How on earth can you do that with only a single length parameter "n"?
Length of which side are you talking about?

Remember that git-apply is designed to be able to handle a patch that has
NUL in it (generated with "diff --text"), so strlen() is not an acceptable
answer.

> +static int memcmp_switch(const char *s1, const char *s2, size_t n)
> +{
> +	if (ignore_whitespace)
> +		return memcmp_ignore_whitespace(s1, s2, n);
> +	else
> +		return memcmp(s1, s2, n);
> +}
> +

This function signature shares the same bogosity with the previous one.

In addition, it's name and semantics is bogus.

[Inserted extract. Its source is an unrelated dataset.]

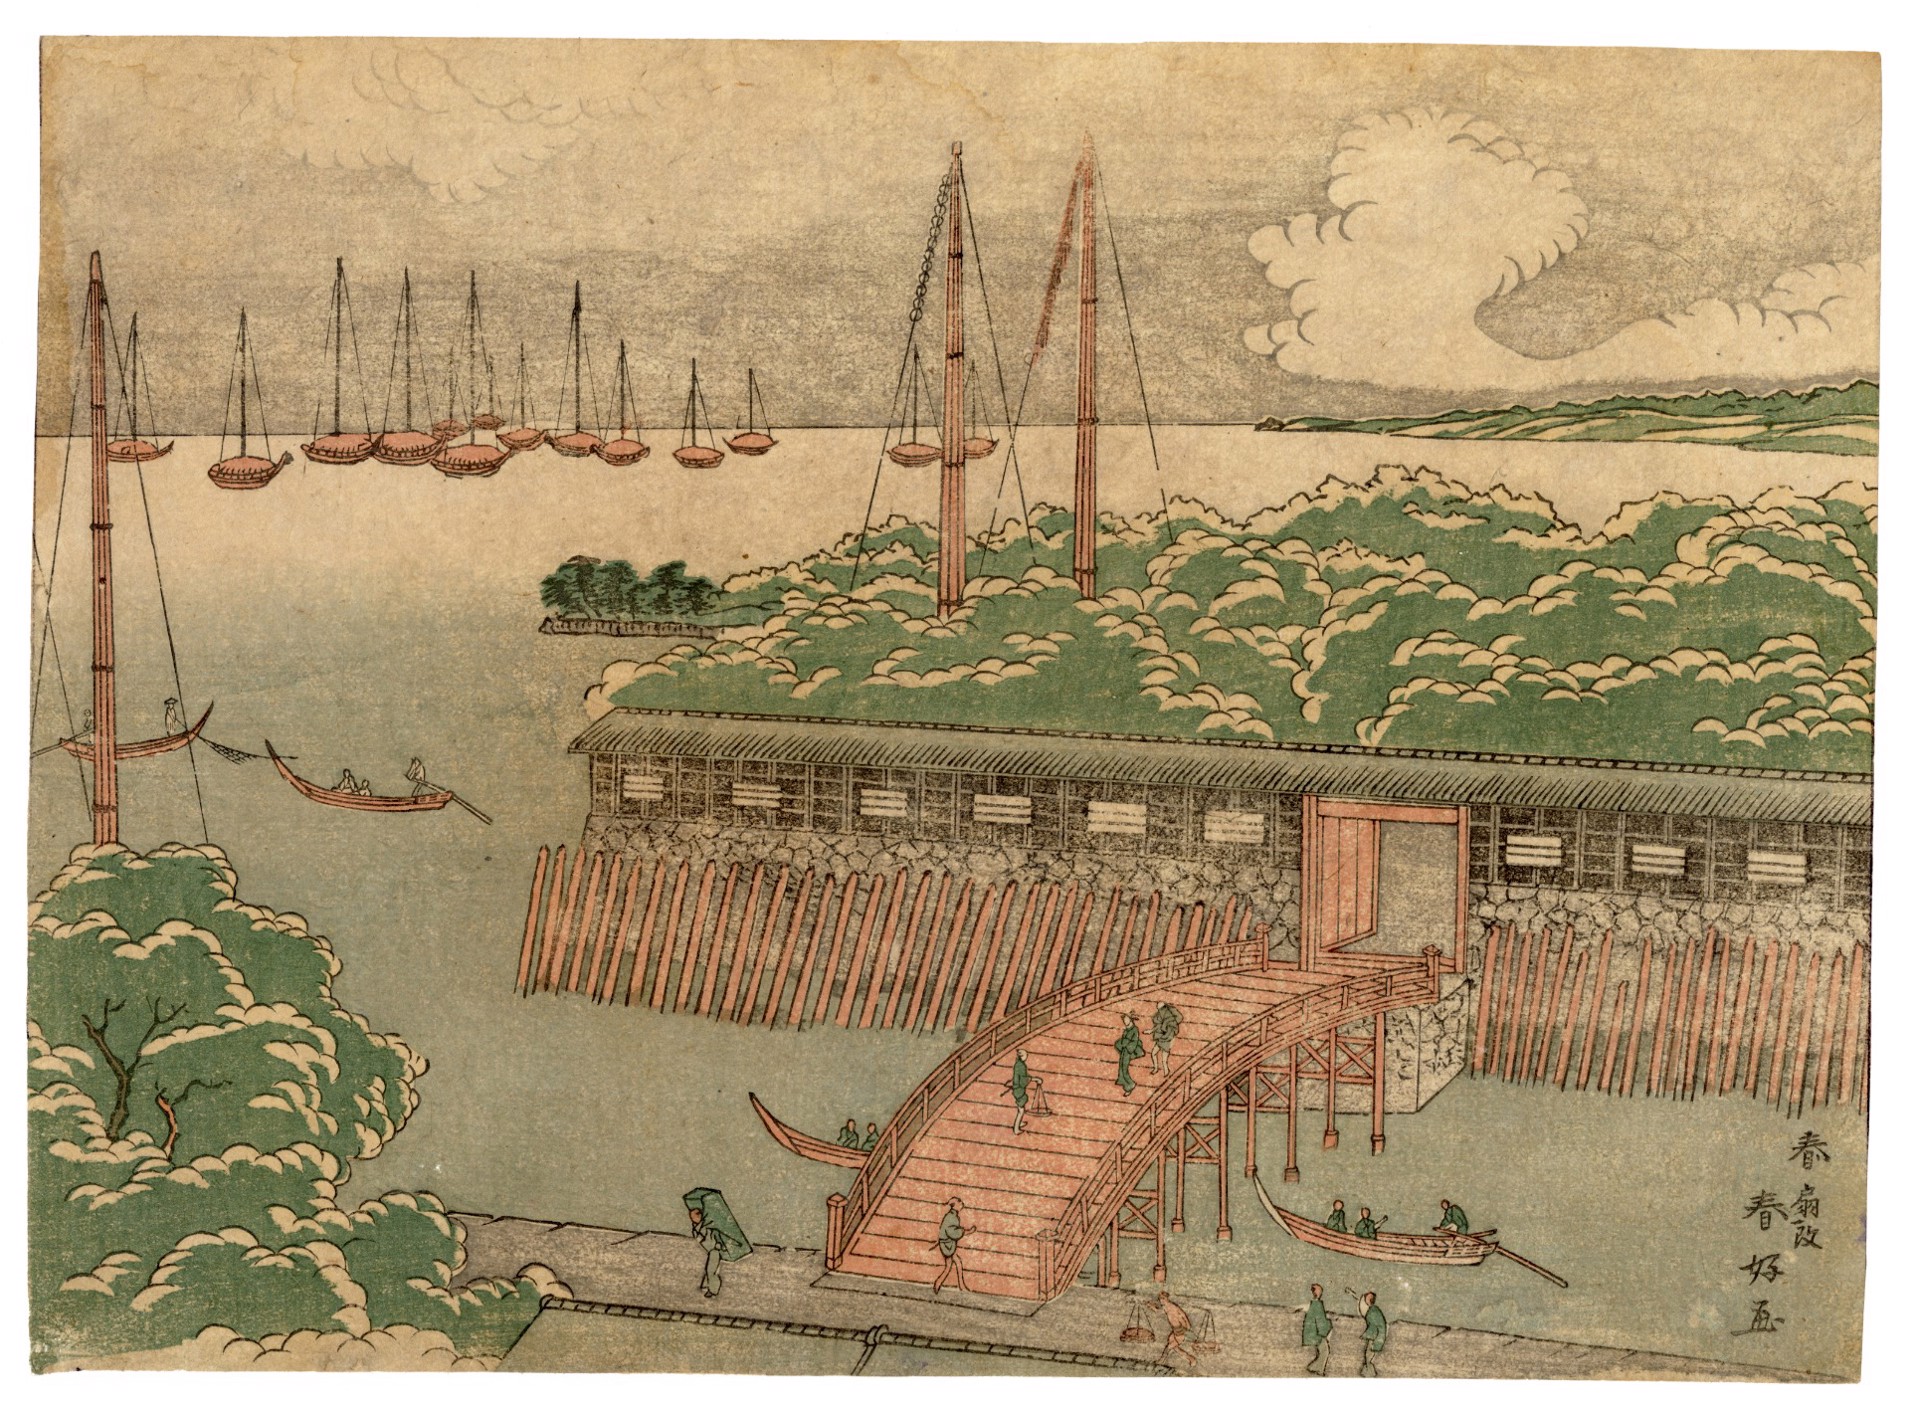 Tsukuda Island by Shunko II (Katsukawa Shunsen)

The original implementation had encapsulated the notion that it is
comparing two lines entirely in match_fragment().  Its use of memcmp() was
an implementation detail of a half of the open-coded logic to compare two
lines (the other half being the comparison of lengths), and direct use of
memcmp() made perfect sense.  It checked the length matched.  Now it
wanted to make sure they matched byte-for-byte.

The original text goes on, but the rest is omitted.